Coffee falls over 10% from record high
Testing nearly $4.30 per pound, increased rainfall forecasts in Brazil, surplus production estimates, Vietnam’s easing supply concerns lead to decline of coffee prices
By Burhan Sansarlioglu and Emir Yildirim
ISTANBUL (AA) - Coffee saw a record high of nearly $4.30 per pound in global markets but easing uncertainties over global economic growth and supply led to an over 10% decline.
Risks to global growth and supply, as well as estimates of falling coffee demand, led to the decline of coffee prices.
Increased rainfall forecasts in Brazil and some easing of dry weather conditions also contributed to the fall.
Coffee yields are expected to decline as a surplus came to the fore. The International Coffee Organization estimates that there will be 1 million bags of surplus production.

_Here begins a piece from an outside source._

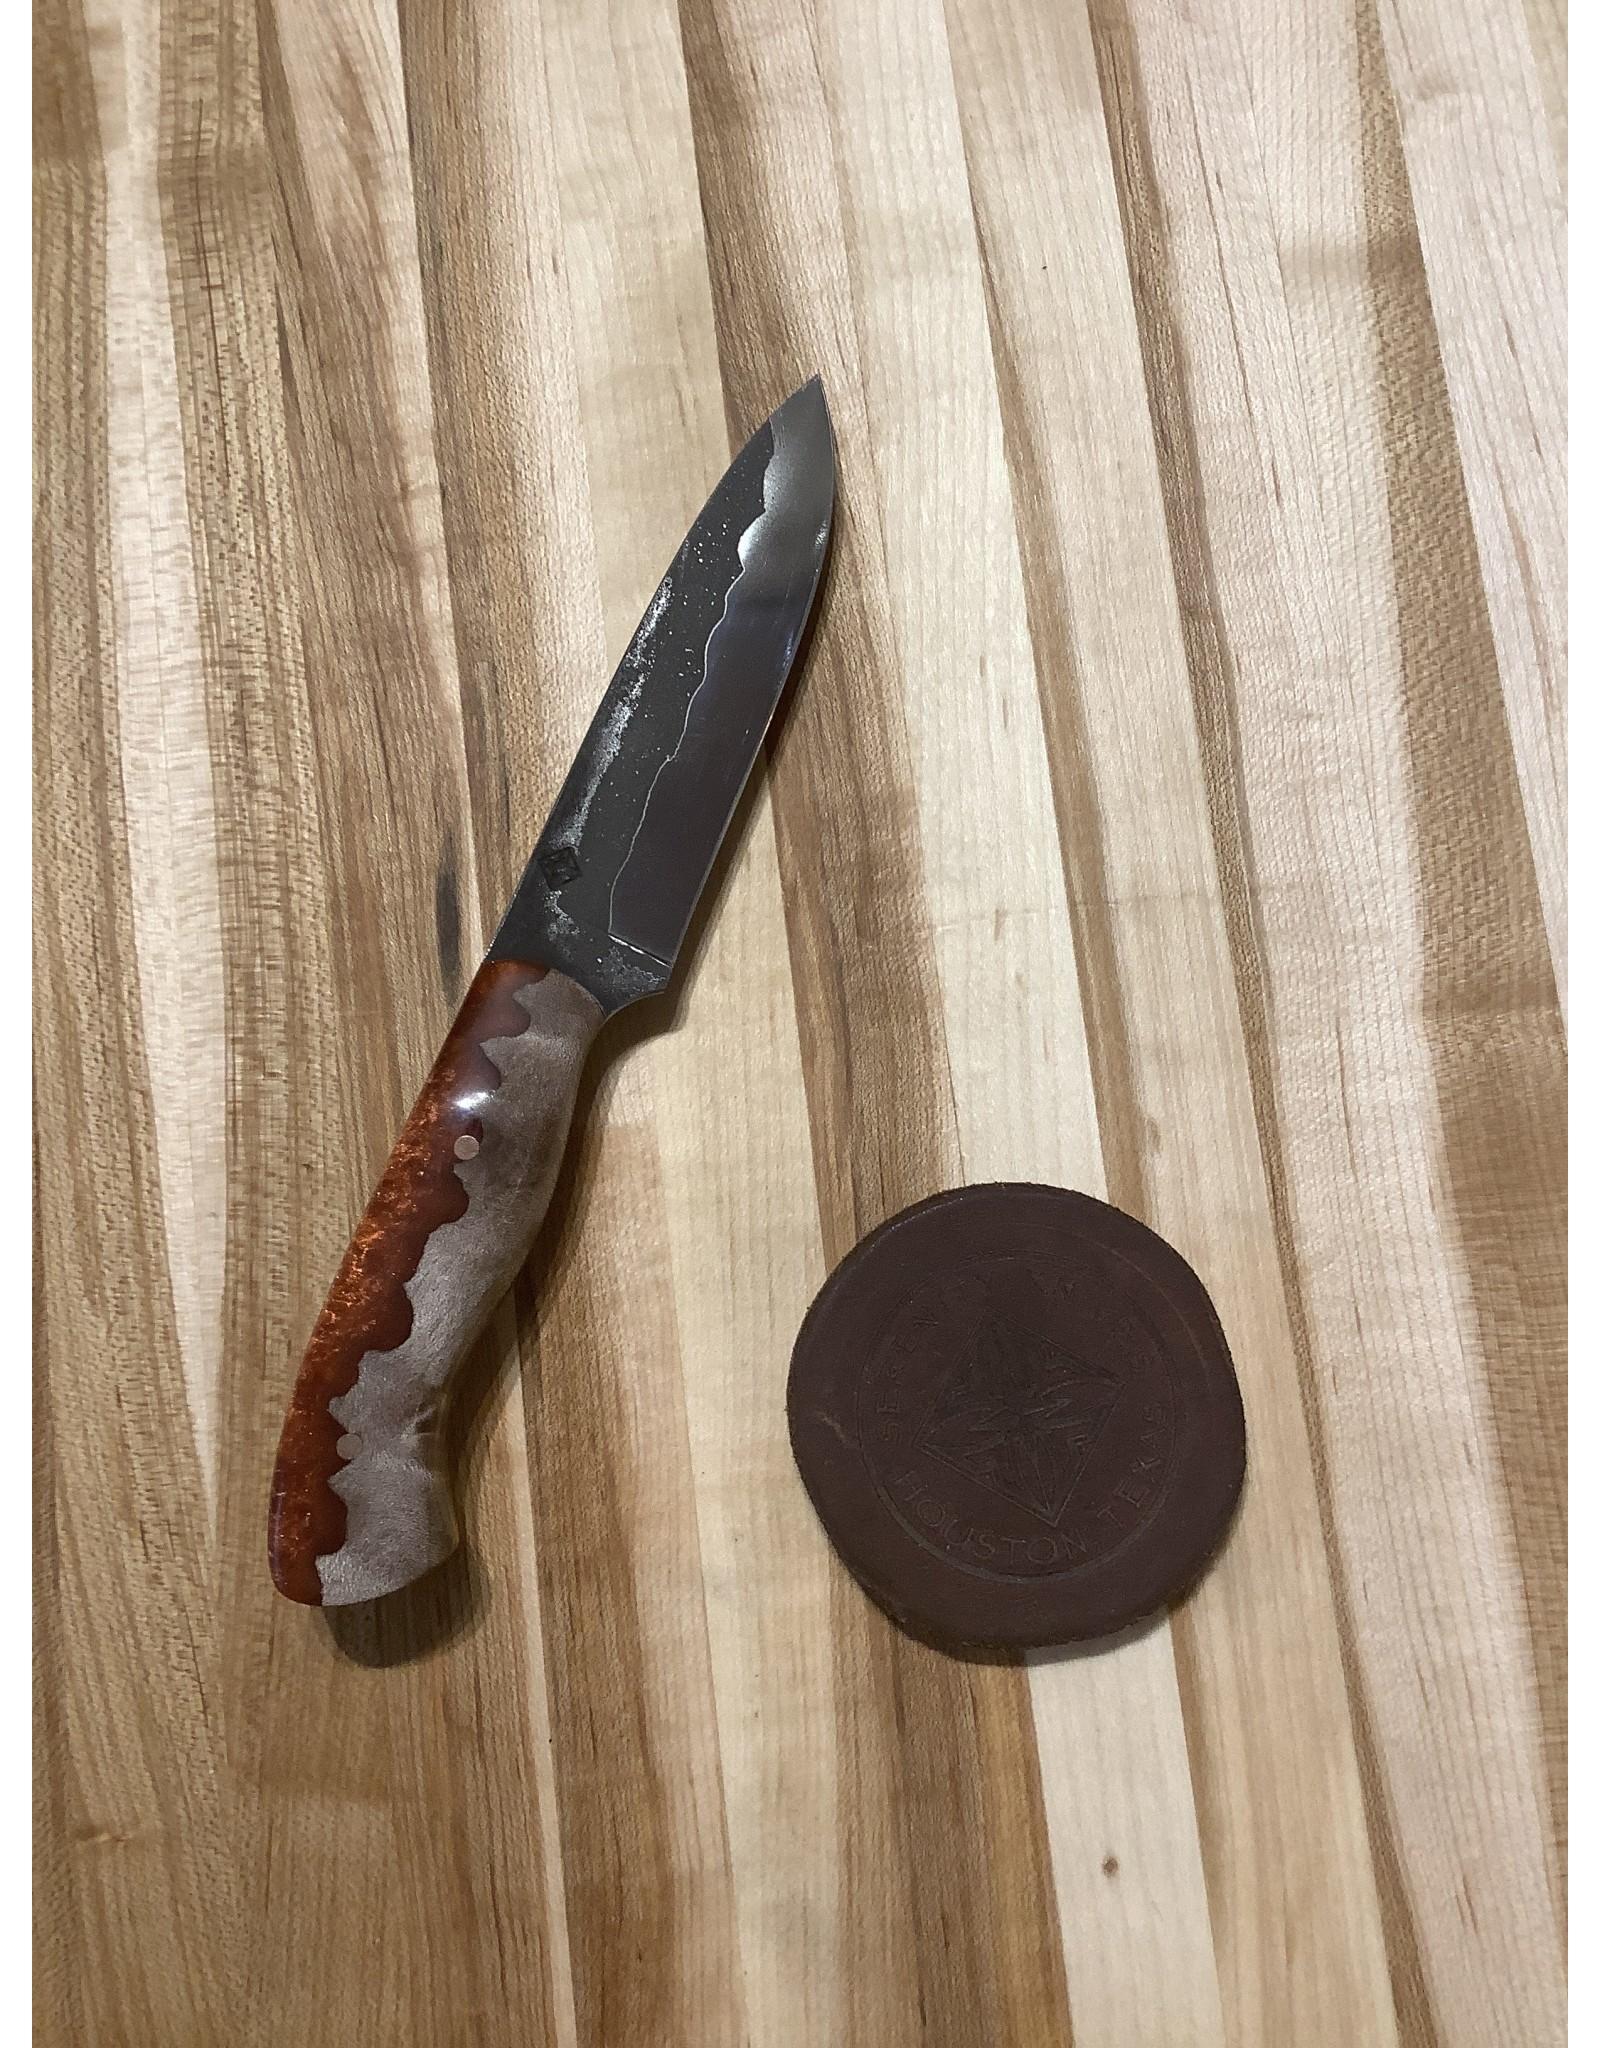 Serenity Set of Three Kitchen Knives
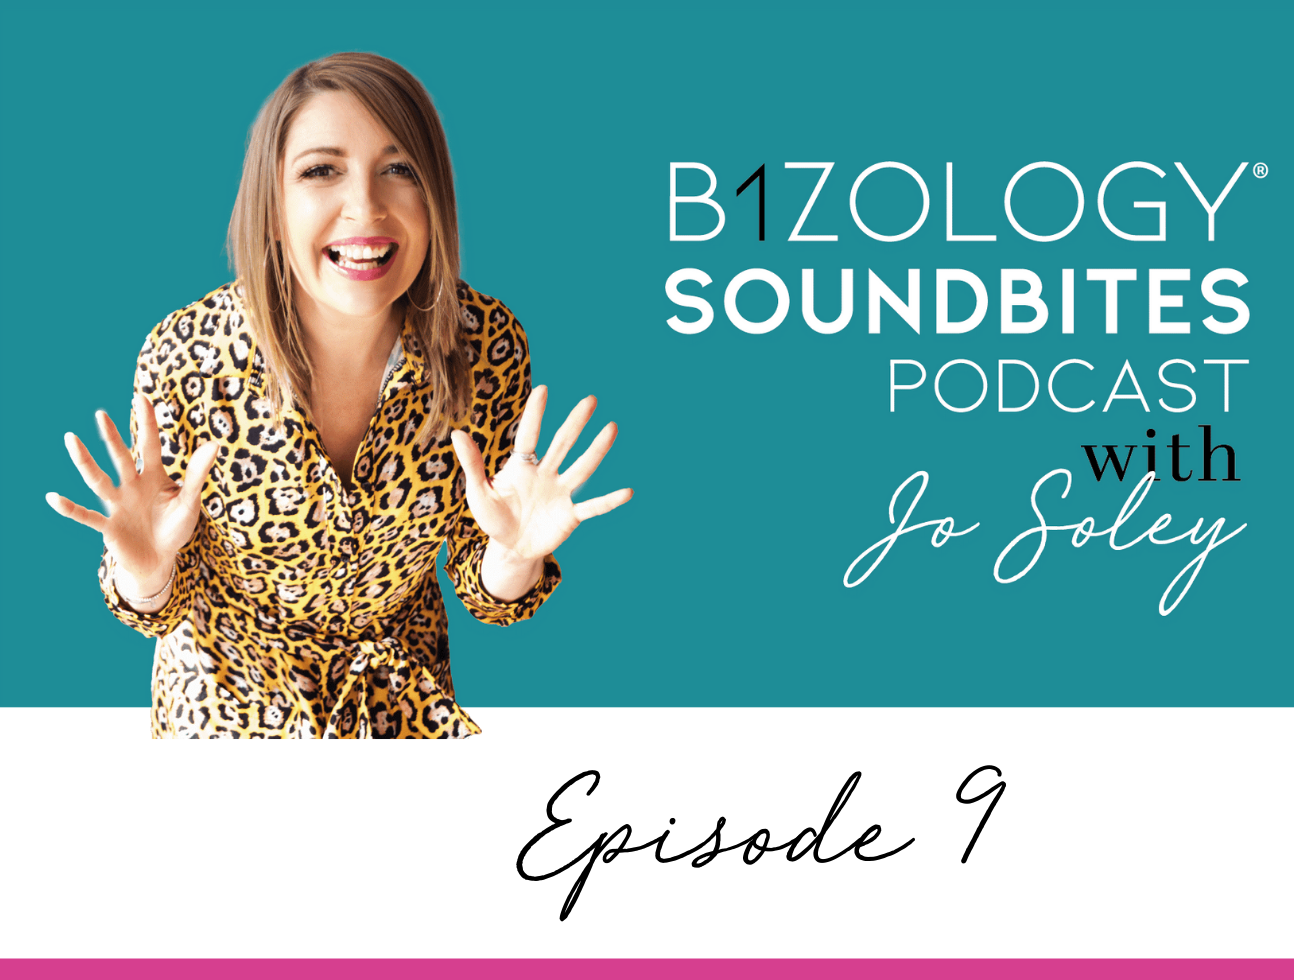 Bizology Podcast

London-based Marex Solutions predicted the global coffee surplus of 200,000 bags in 2024/25 will increase to 1.2 million bags in 2025/26.
Vietnam’s easing coffee supply concerns, albeit limited, also contributed to the decline, as the country’s statistical office reported its coffee exports rose over 6% in February.
Rising trade tensions over US tariffs and macroeconomic data signaling recession also pushed prices downwards. As the global fight against inflation and recession continues, US President Donald Trump’s trade wars via tariffs keep fueling uncertainties over the economic outlook of the US.
- Coffee soared over 18% per pound in January before falling
Coffee tested its historic high at $4.29 per pound in January, primarily led by tightening supply outlook in Brazil and Vietnam, rising over 18%.
Trump’s tariff threats on Colombia also contributed to the surge.
Zafer Ergezen, futures and commodity markets expert, told Anadolu that it is “natural” to see a decline after such hikes in coffee prices.
“High temperatures and lack of precipitation in Brazil reduced the blossoming of coffee trees, and therefore the yield, while Vietnam’s declining production last year also contributed to the rise,” he said. “Suppliers that sell all their stocks have only been able to sell 30% of their stocks this year—it seems that long-term and new purchases are postponed due to rising prices.”
Ergezen said the situation led to reducing demand in the market, while the expected rainfall in Brazil also contributed to it.
“Coffee production in Colombia reached its highest level in 29 years,” he noted.
“The increase in Colombia’s coffee yield, expected rainfall in Brazil, and the hesitance of producers to buy coffee due to high prices resulted in profit sales in coffee prices,” he added.